Originally published on September 20, 2015
I want to remember that the other night Wally called me into his room to ask a question. It was past nine o’clock, nearly two hours after we’d first said goodnight. When I heard his voice I snapped hard in reply: That’s enough! Go to sleep!
This made Wally cry. Oh come on, I thought to myself, or maybe said out loud, as I pushed open the door into his dark room. He was face down in his pillow, naked but for his diaper. The pajamas he’d shed an hour earlier lay neatly beside his bed on the floor. He was crying weak, late-night sobs that could have been avoided if he’d just gone to sleep like his brother, who was out cold beneath his sheet in his bed across the room. I thought about insisting that Wally cut it out. After a moment, though, I put my head close to his, so that I could feel his hot wet face against my cheek. I pressed down lightly on his back and told him it was OK.

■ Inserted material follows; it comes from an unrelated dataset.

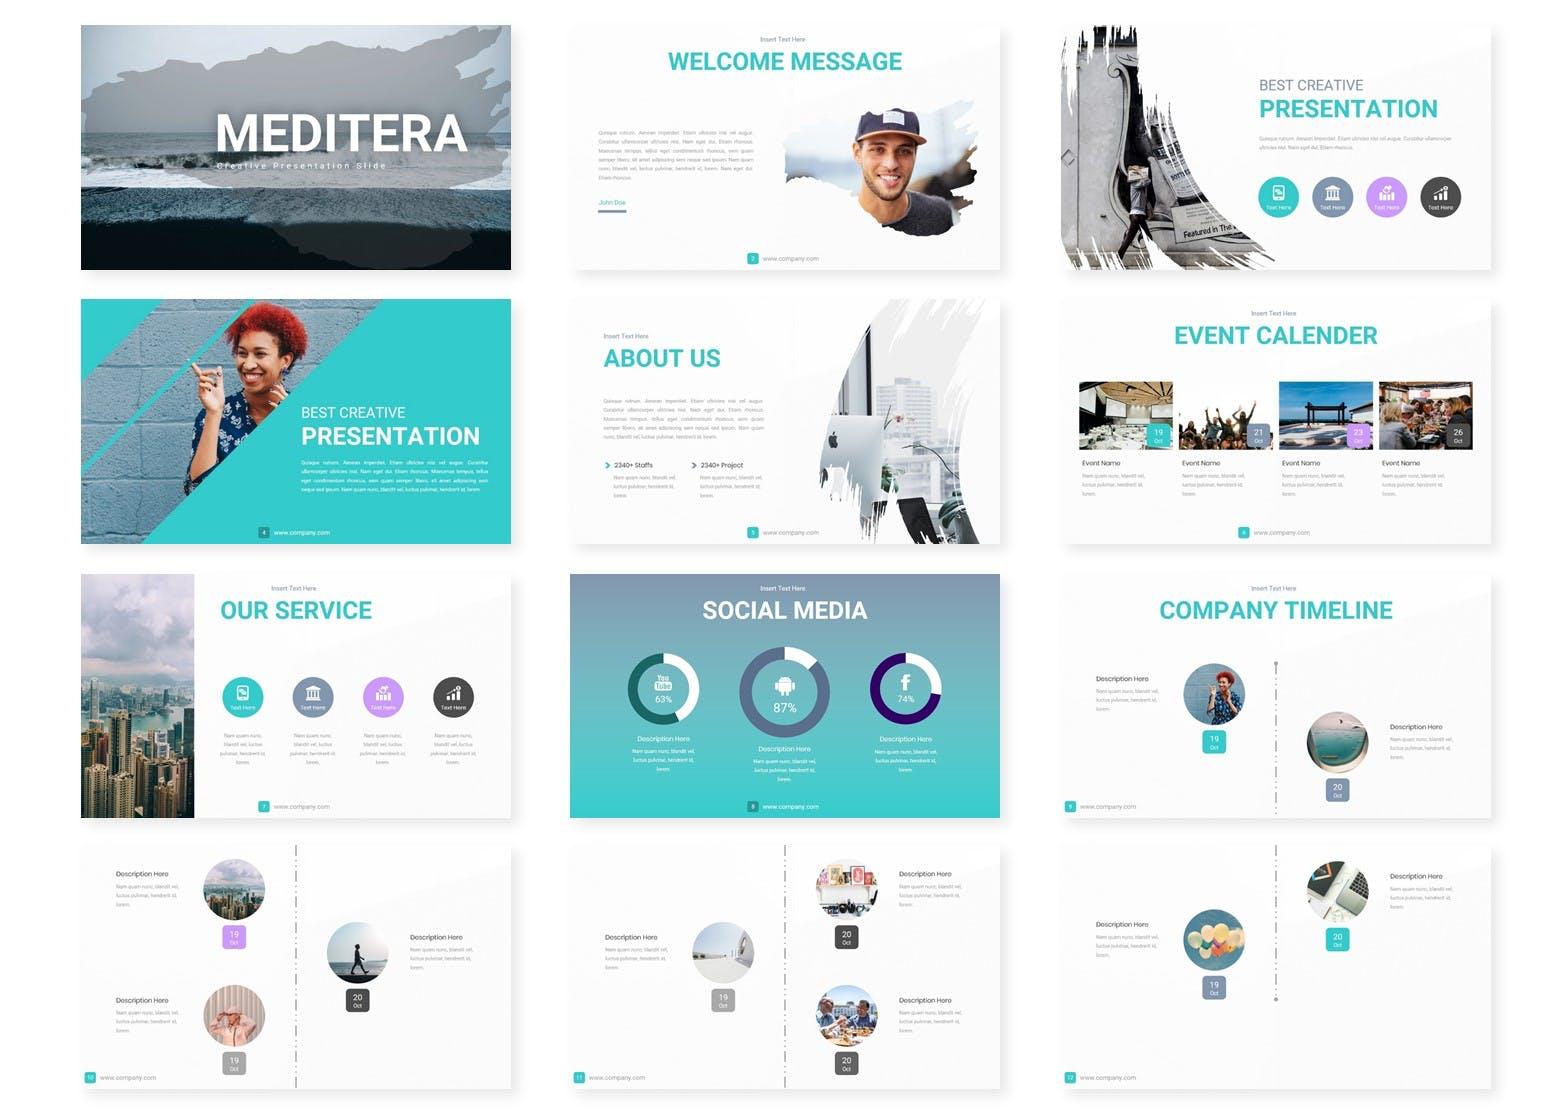 企业历史发展回顾主题演讲PPT幻灯片模板Meditera Keynote Template插图(1)

His sobs started to slow. His voice began to break through. It took him a few times to get his question out all the way. Finally he asked, “Do stoplights change in the night?”
Oh, I thought. I wasn’t sure what to say, so I stammered a bit of everything in reply: No they don’t, yes they do, I don’t know, that’s a good question. Then I said goodnight, and because he’d been crying, I knew as I walked out of the room that I wouldn’t see Wally again until morning.
Afterward I brushed my teeth, took a shower, lay in bed with the feelings from my time with Wally. I felt bad, for one, that I’d snapped at a boy who’d been awake through no real fault of his own, and I felt charmed by the thoughts that bounce around his head when he’s alone at night. But the strongest feeling of all, the one you wouldn’t guess unless you knew something else, was the feeling of not wanting to forget. It was the feeling of wanting very badly to hold that moment with Wally in something more permanent than time.